Please refer to Post() in ~/nvidia/nvidia_sdk/DRIVE_OS_5.2.0_SDK_Linux_OS_DDPX/DRIVEOS/drive-t186ref-linux/samples/nvmedia/nvsipl/test/camera/CNvSIPLMasterNvSci.hpp (source of nvsipl_camera sample application).

I see the Post() method but I don’t see a synchronization point there.

The code does this
pBuffer->GetEOFNvSciSyncFence(&fence);
and calls
auto sciErr = NvSciStreamProducerPacketPresent(pStream->producer,
pStream->bufferInfo[cookie - 1U].packet,
&fence);

That doesn’t tell me what to do with the fence.

Can you post complete working code to do the wait? Thanks.

Please check below source of the application to understand the consumer side.
/home/vyu/nvidia/nvidia_sdk/DRIVE_OS_5.2.0_SDK_Linux_OS_DDPX/DRIVEOS/drive-t186ref-linux/samples/nvmedia/nvsipl/test/camera/CCompositeNvSci.cpp

Or cuda consumer of another application.
/home/vyu/nvidia/nvidia_sdk/DRIVE_OS_5.2.0_SDK_Linux_OS_DDPX/DRIVEOS/drive-t186ref-linux/samples/nvsci/nvscistream/cuda_consumer.cpp

That doesn’t help me. I asked you for the code to implement the wait. None of the samples you’re referring me to combine NVSIPL with CUDA. I have zero examples of the correct code to write and the documentation doesn’t mention anything. I already read the code of the samples. If it helped, I wouldn’t be asking here.

Could you elaborate the problem you saw? buffers got from captureCompletionQueue aren’t complete? How did you make it real-time or non-real-time? Anyway we can reproduce it with any sample application?

The SIPL & CUDA buffers I get from the capture completion queue are a mix from some old frame and a newer frame, chopped off horizontally. It is real-time when I don’t write the buffers to disk, and non-real-time when I do write to disk (buffers are dropped in that case). You can’t reproduce anything from a sample application as you don’t have any application that processes SIPL buffers with CUDA. You could add that support to nvmedia/nvsipl/test/sample/main.cpp, which doesn’t do anything at the moment but print timestamps.
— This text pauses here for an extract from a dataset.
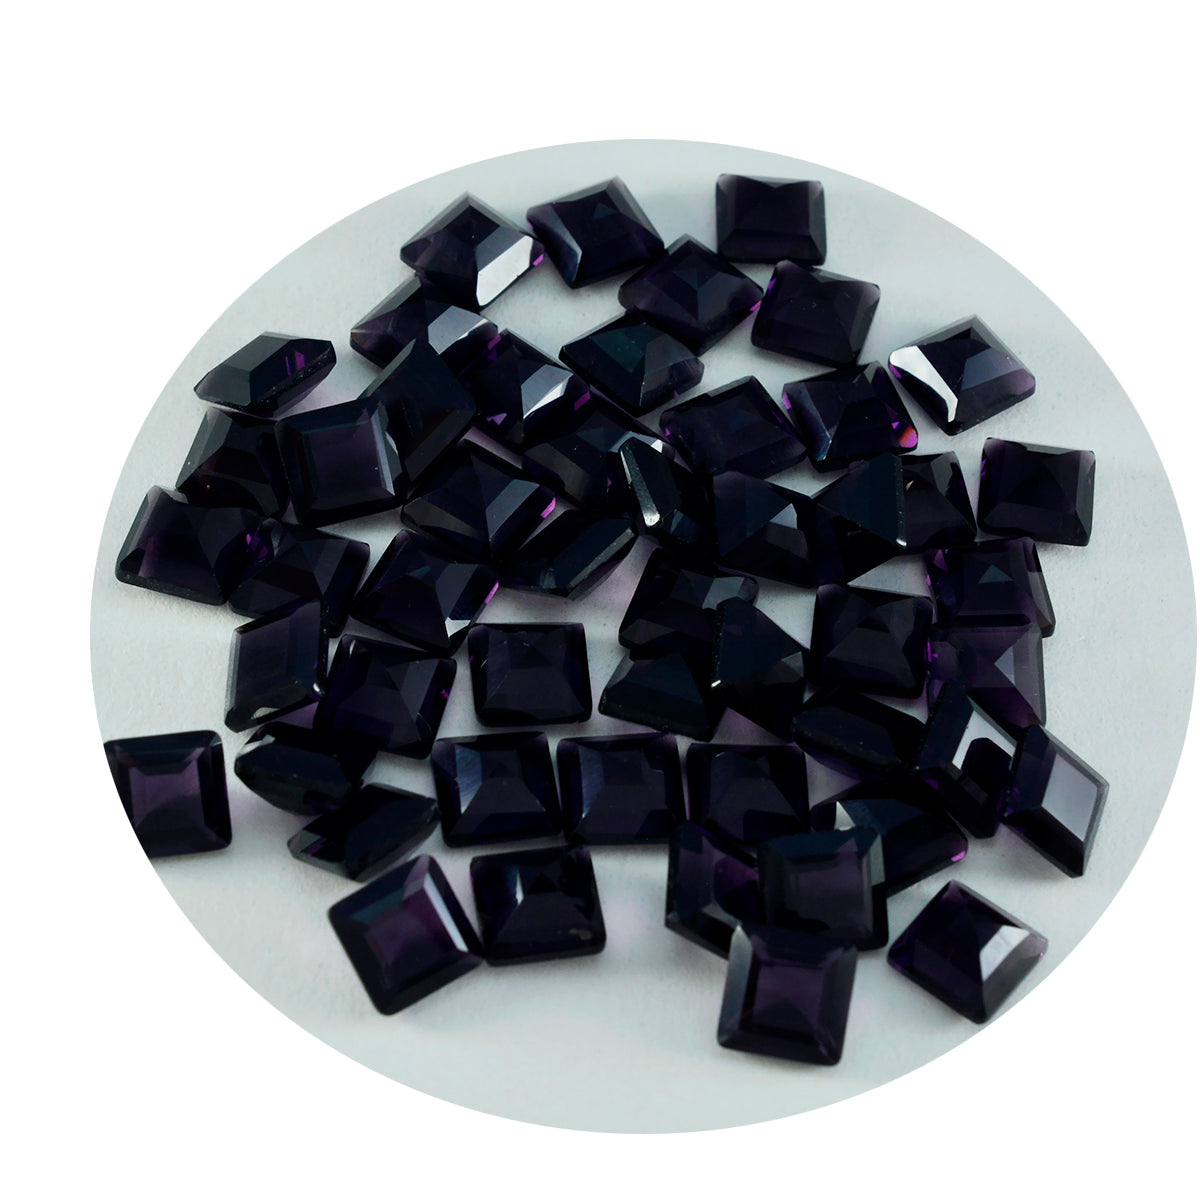 Riyogems 1 Stück violetter Amethyst mit CZ, facettiert, 7 x 7 mm, quadratische Form, Stein von hervorragender Qualität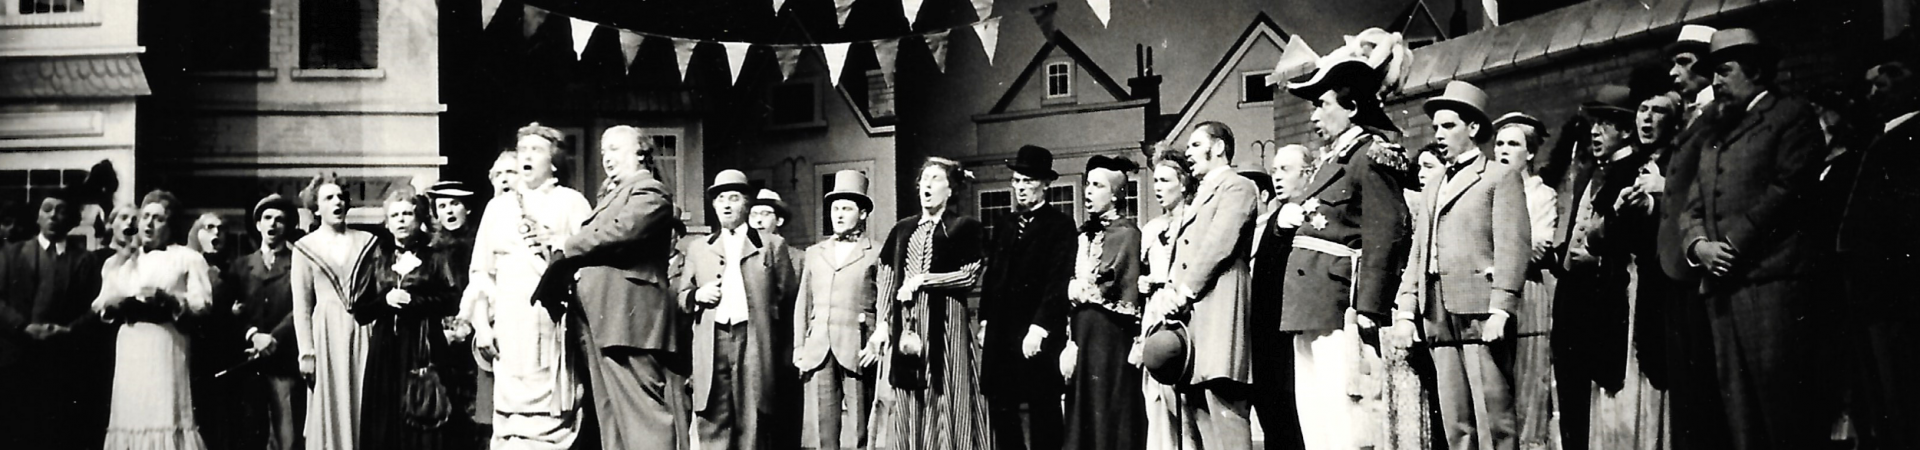 Miss Kölle - Divertissementchen 1958 - Großer Chor auf der Bühne

My best guess is that the SIPL completion queue delivers a buffer as soon as it was captured, but not as soon as it is transferred to the GPU. Hence I see partial buffers.

As a workaround, I queued the SIPL buffers for each camera in a temporary 1-slot queue (per camera), and I process the SIPL buffers in the temporary queue only when I receive newer buffers, to give them time to finish the CUDA copy. It works but it increases latency, it is inherently racy and it’s an ugly kludge.

Which function you use for the CUDA copy? Does any CPU access involve?

It’s all on GPU, the CUDA buffer is read normally like any CUDA buffer.

It’s still not clear to me how you checked the issue without CPU access in real-time and non-real-time cases.

Please refer to processPayload() in ~/nvidia/nvidia_sdk/DRIVE_OS_5.2.0_SDK_Linux_OS_DDPX/DRIVEOS/drive-t186ref-linux/samples/nvsci/nvscistream/cuda_consumer.cpp for CUDA receiving images from nvmedia and copying back to host.

I’m going to give this a pass and use the workaround that I found. Thanks.

If you still want to check if it’s a cache maintenance issue, you can try with NvMediaImageLock()/NvMediaImageUnlock(). Thanks.